Pero, aunque las reglas no escritas del poder oaxaqueño sean las mismas desde hace décadas, la sociedad no lo es. Más de 30 años de luchas de resistencia, conquistas legales, autodefensa y obtención de gobiernos locales han formado un tejido asociativo de pueblos indios, coordinadoras campesinas, sindicato magisterial, coaliciones populares y artistas que han transformado las relaciones entre la administración pública y la sociedad civil en el estado.
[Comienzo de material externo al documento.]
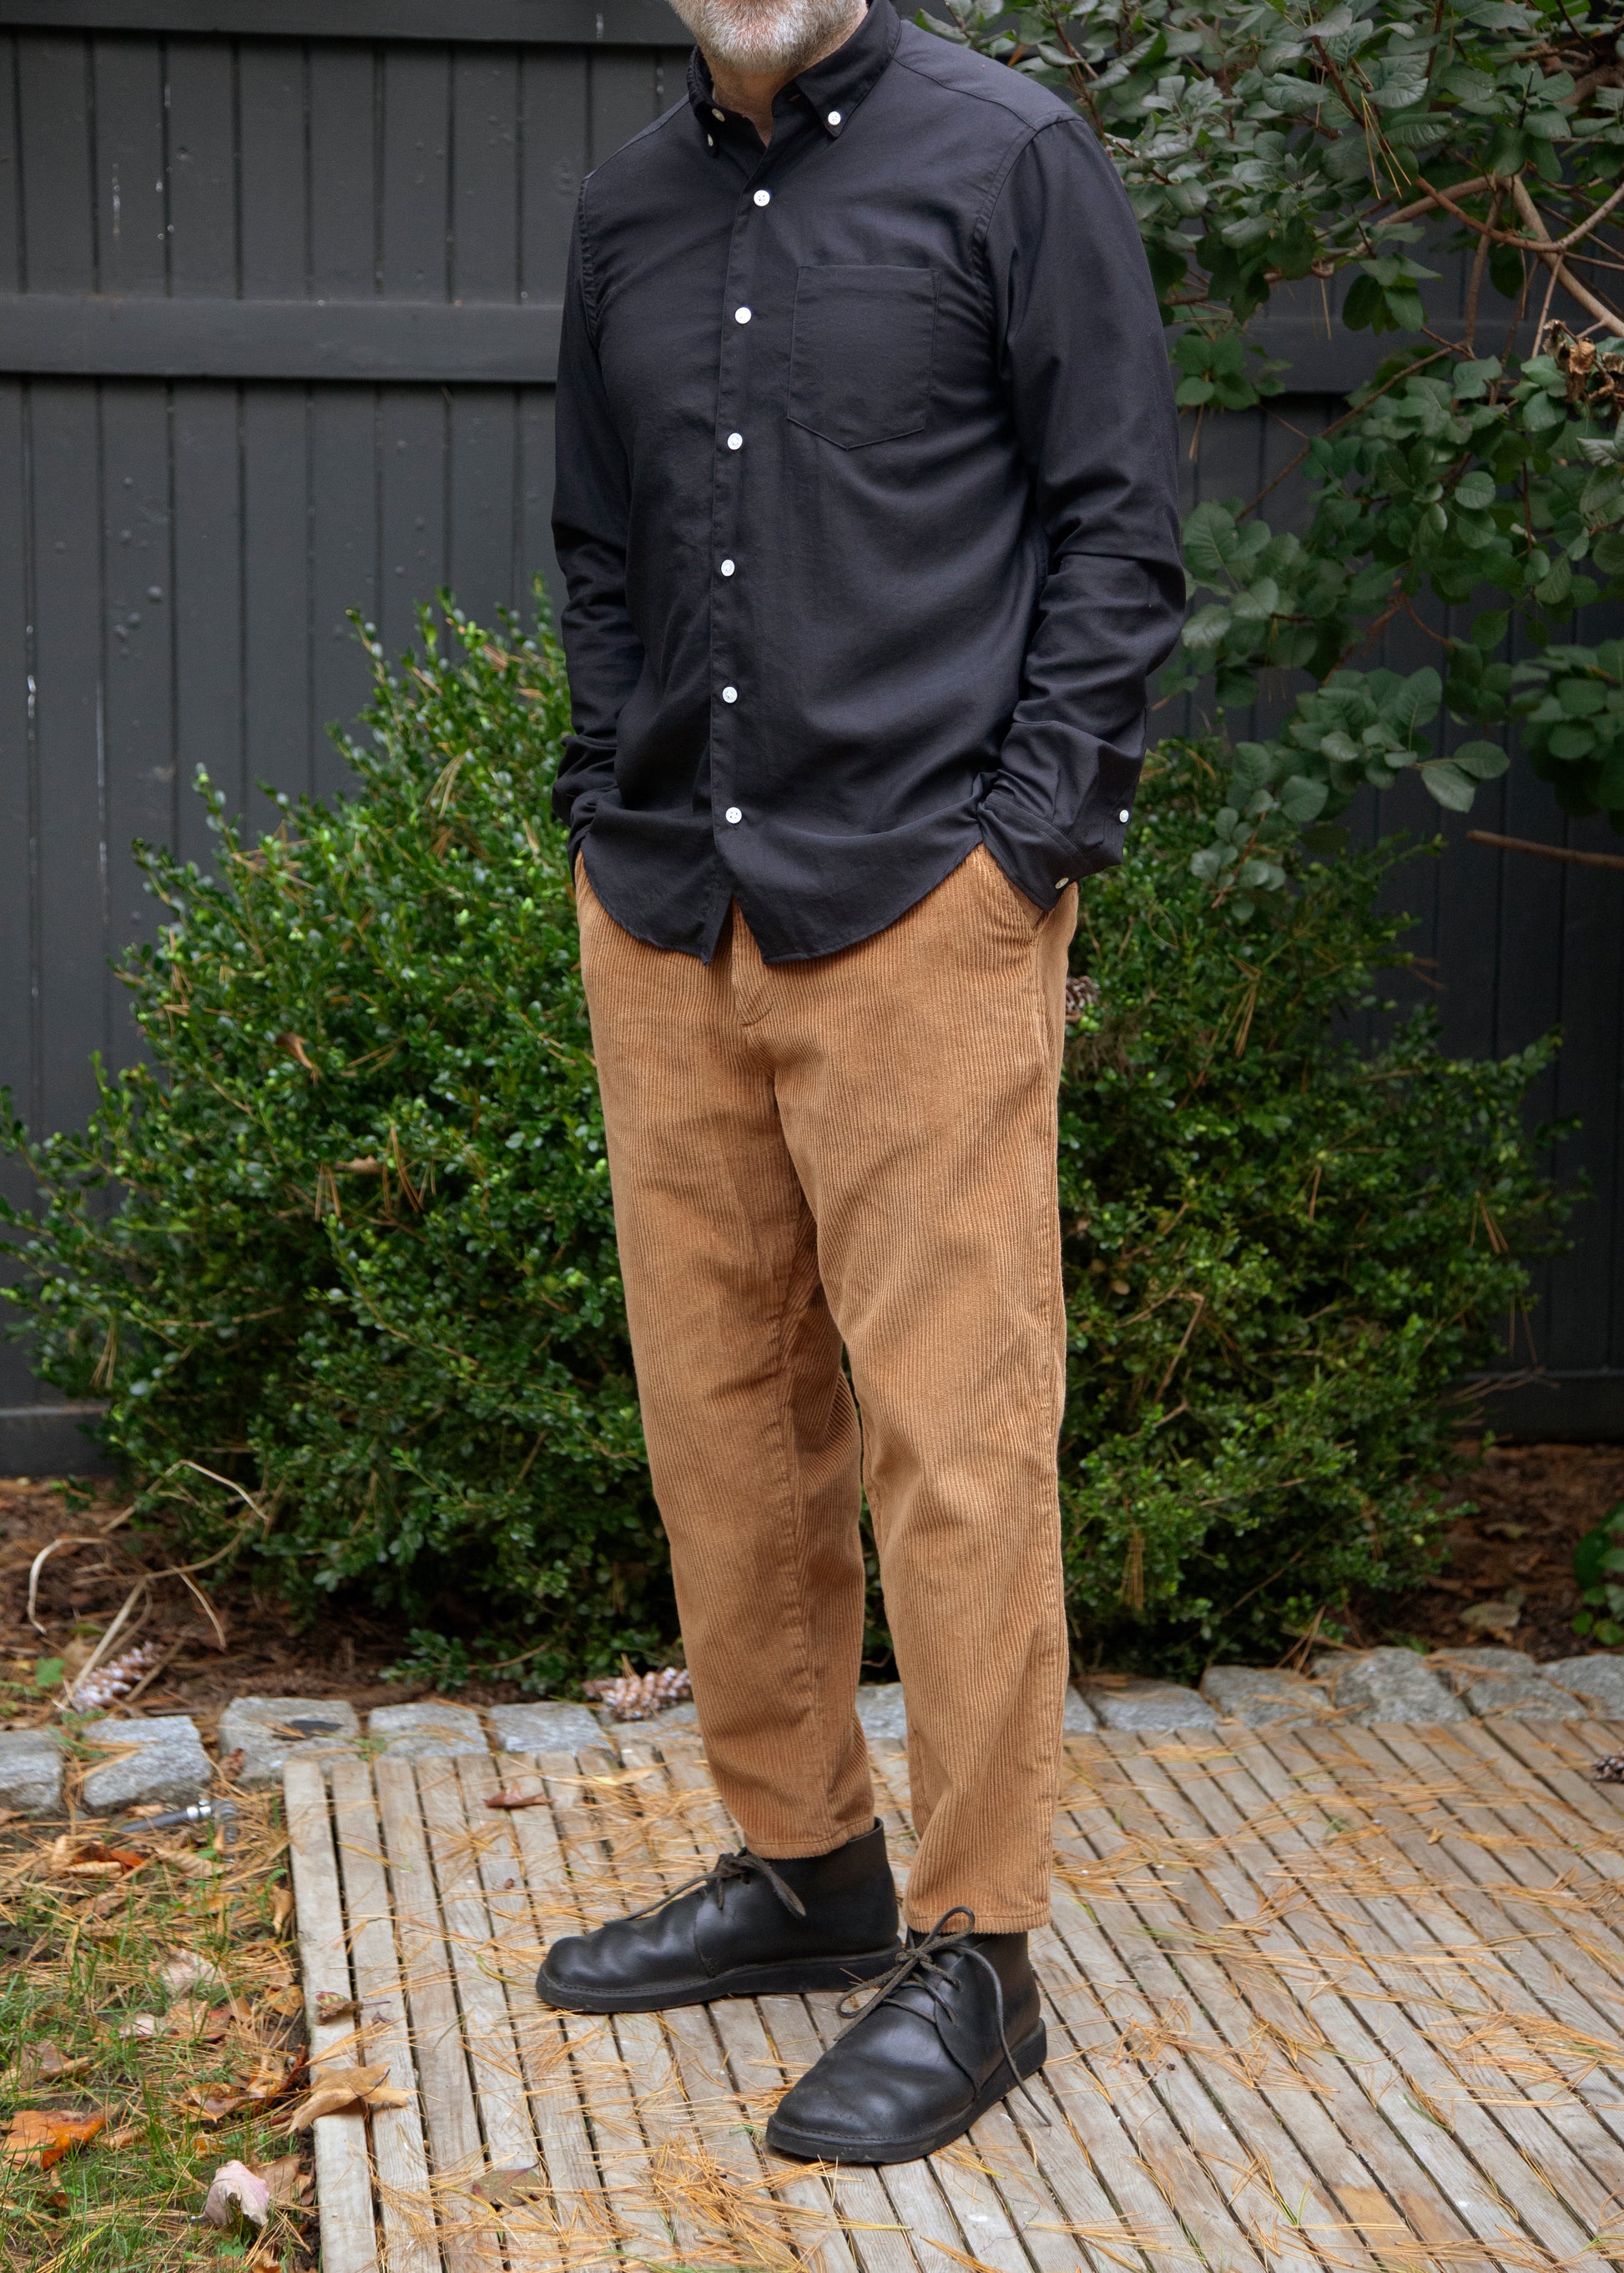 Model standing wearing single needle shirt in black nylon and brown corduroy pants

Aunque Ulises Ruiz haya "amarrado" a los partidos políticos, muchas organizaciones sociales siguen "sueltas". De manera que, lejos de provocar la desmovilización social con el uso de la fuerza, la criminalización de la disidencia ha provocado una explosión de descontento popular que no se vivía en la entidad desde el movimiento que en 1977 propició la caída del gobernador Manuel Zárate Aquino.
El pasado 18 de febrero unos 85 mil maestros y campesinos marcharon por las calles de la ciudad de Oaxaca. En las distintas regiones del estado y en la capital son frecuentes las expresiones de malestar. Y diversas organizaciones de derechos humanos se disponen a internacionalizar la lucha trasladándola a la Comisión Interamericana de Derechos Humanos (CIDH).
El gobierno estatal ha tratado de contener los daños procurando controlar los medios de comunicación, por aquello de que si los atropellos no se divulgan entonces no existen. Asimismo, ha procurado justificar su rudeza como acciones dentro del estado de derecho. El secretario de gobierno de la entidad niega que existan presos políticos y afirma que los dirigentes sociales encarcelados están acusados de delitos del orden común. "La justicia no se negocia en una mesa", dijo a la reportera de este diario, Rosa Rojas.
Sin embargo, a pesar de la represión, las amenazas y la cooptación de opositores, la resistencia sigue.
A mediados del siglo XIX, el oaxaqueño Macedonio Alcalá, viviendo en la miseria y gravemente enfermo, escribió, por 12 pesos de la época, Dios nunca muere, vals que se ha convertido en una especie de himno de la entidad. Habitante durante algunos años de la pobrísima región mixteca, el autor plasmó en la composición tanto sus vivencias sobre la desgarradora condición de los pueblos indios como su gratitud porque la "Providencia le había proporcionado ese dinero" cuando más lo necesitaba.
Al igual que Dios nunca muere, el movimiento social oaxaqueño forjado durante los últimos 30 años, expresa las terribles condiciones de vida de indígenas y campesinos y su incansable fe en un futuro mejor. Si Ulises Ruiz quiere terminar en paz su periodo y no seguir la ruta de Zárate Aquino deberá frenar sus ansias totalitarias.